Look below for the line with "7плюс7я (журнал). 2013 год, номер 42, стр. 1" and the line with "Paper craft devil by Mundokk". Copy exactly those two lines and every line between, but not the pictures.

### Extracted material
★ ★ ★ ★
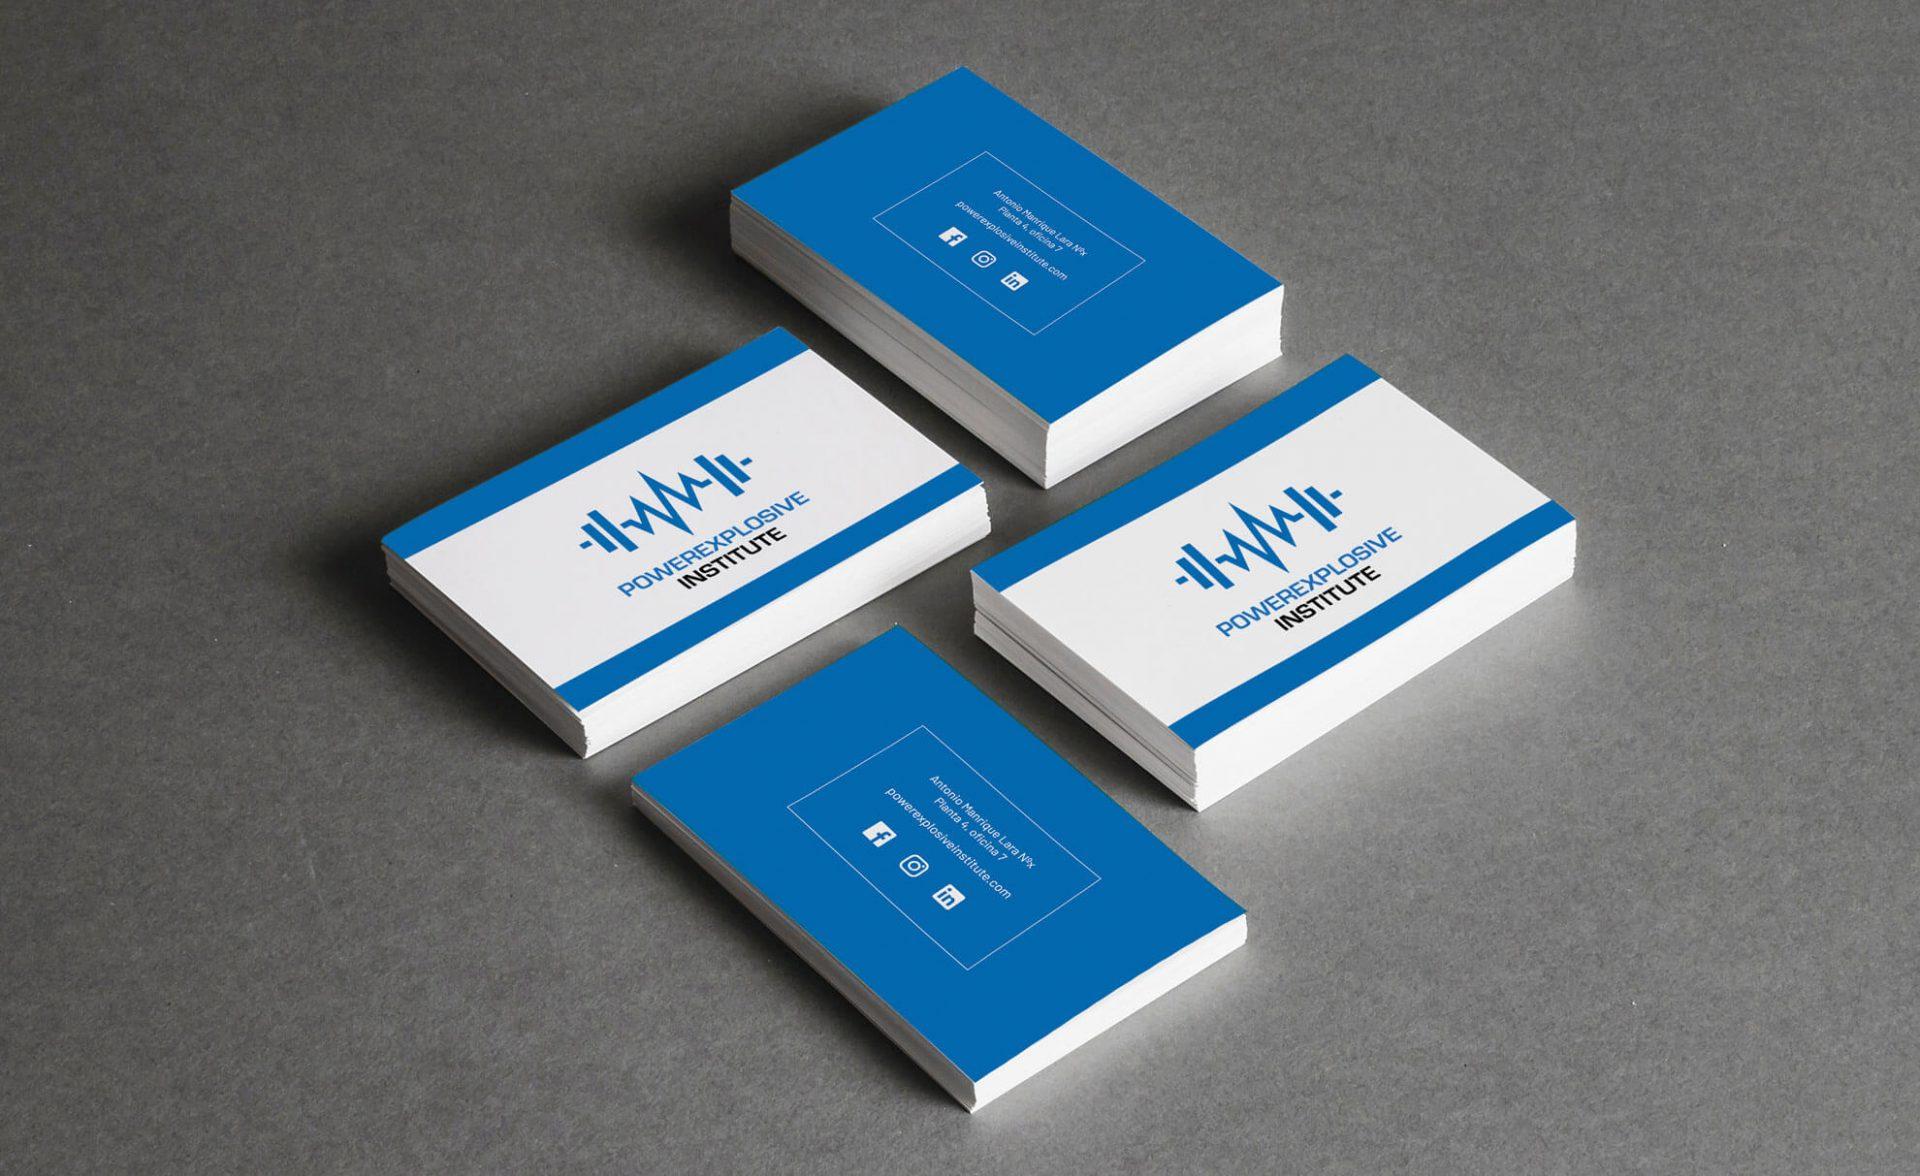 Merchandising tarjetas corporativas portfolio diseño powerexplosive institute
★ ★ ★ ★
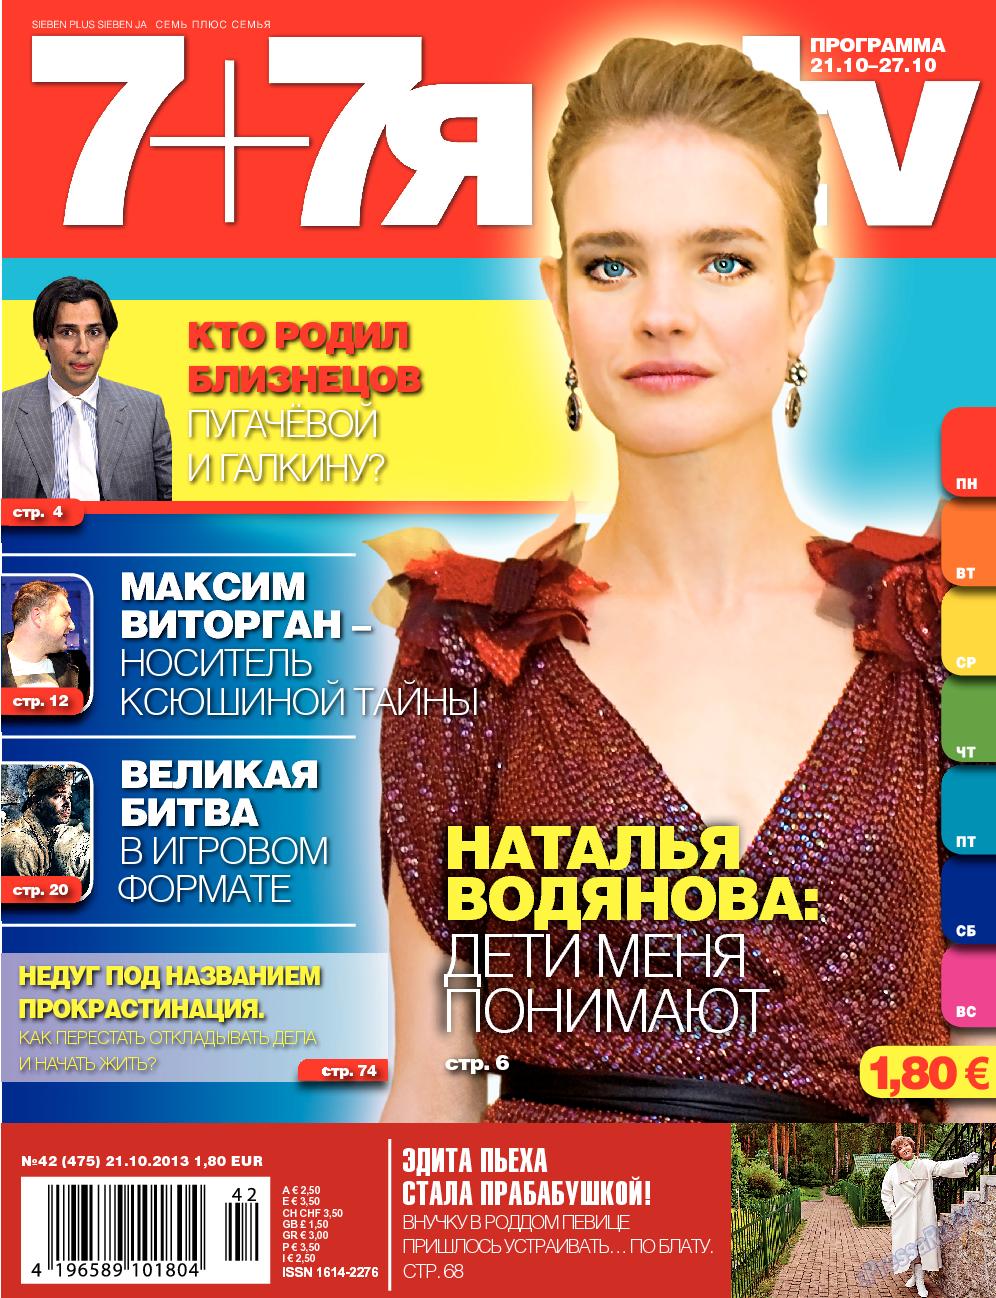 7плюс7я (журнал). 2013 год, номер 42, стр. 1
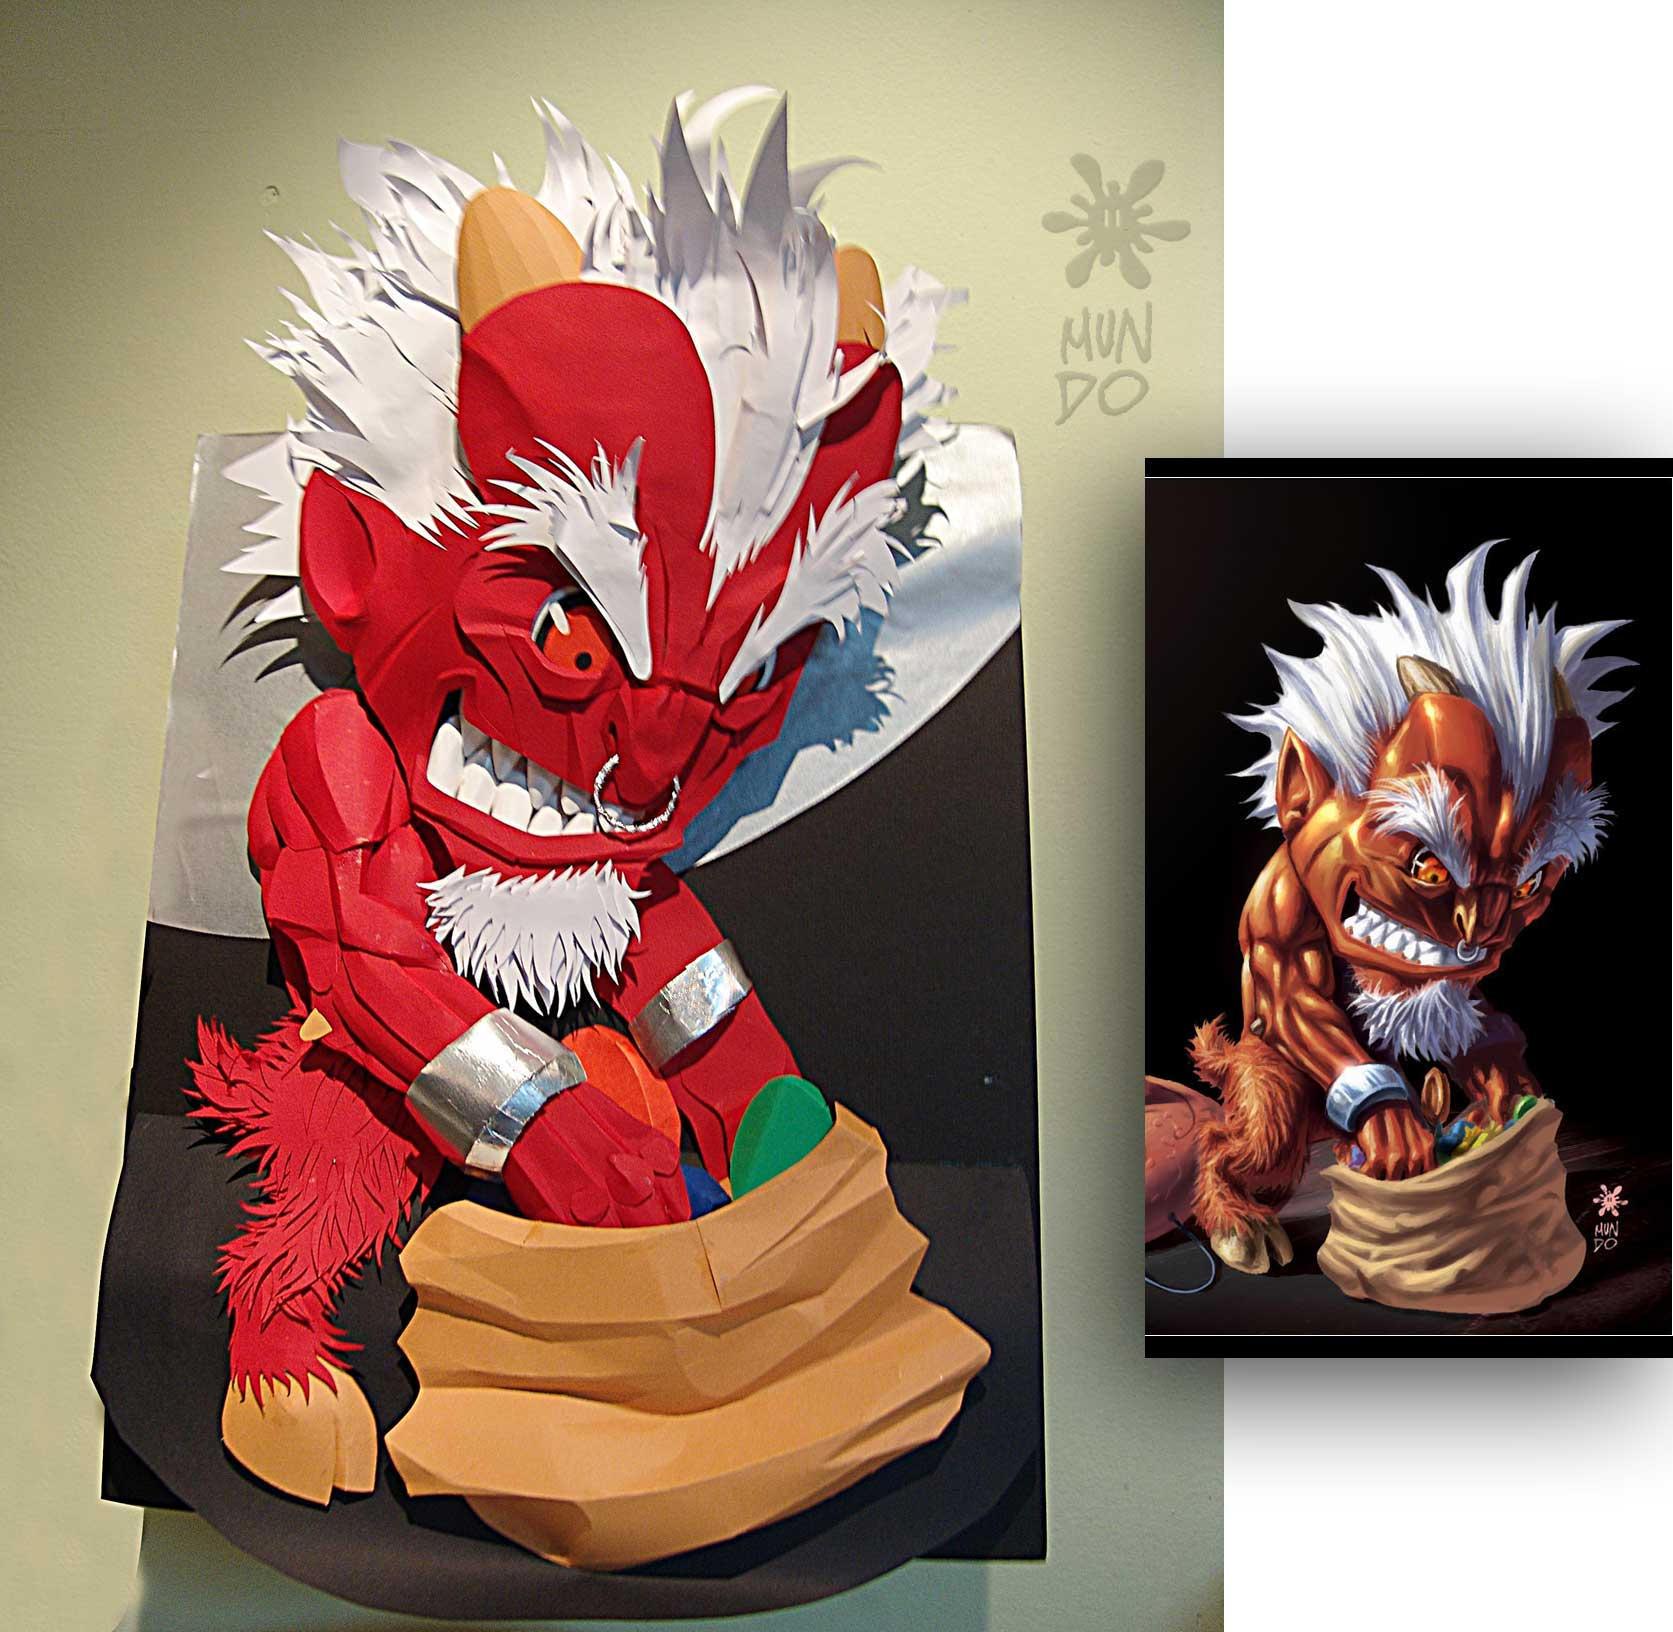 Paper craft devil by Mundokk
★ ★ ★ ★
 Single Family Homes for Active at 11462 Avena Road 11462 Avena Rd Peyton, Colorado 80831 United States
★ ★ ★ ★
### Reply to the task
 7плюс7я (журнал). 2013 год, номер 42, стр. 1
 Paper craft devil by Mundokk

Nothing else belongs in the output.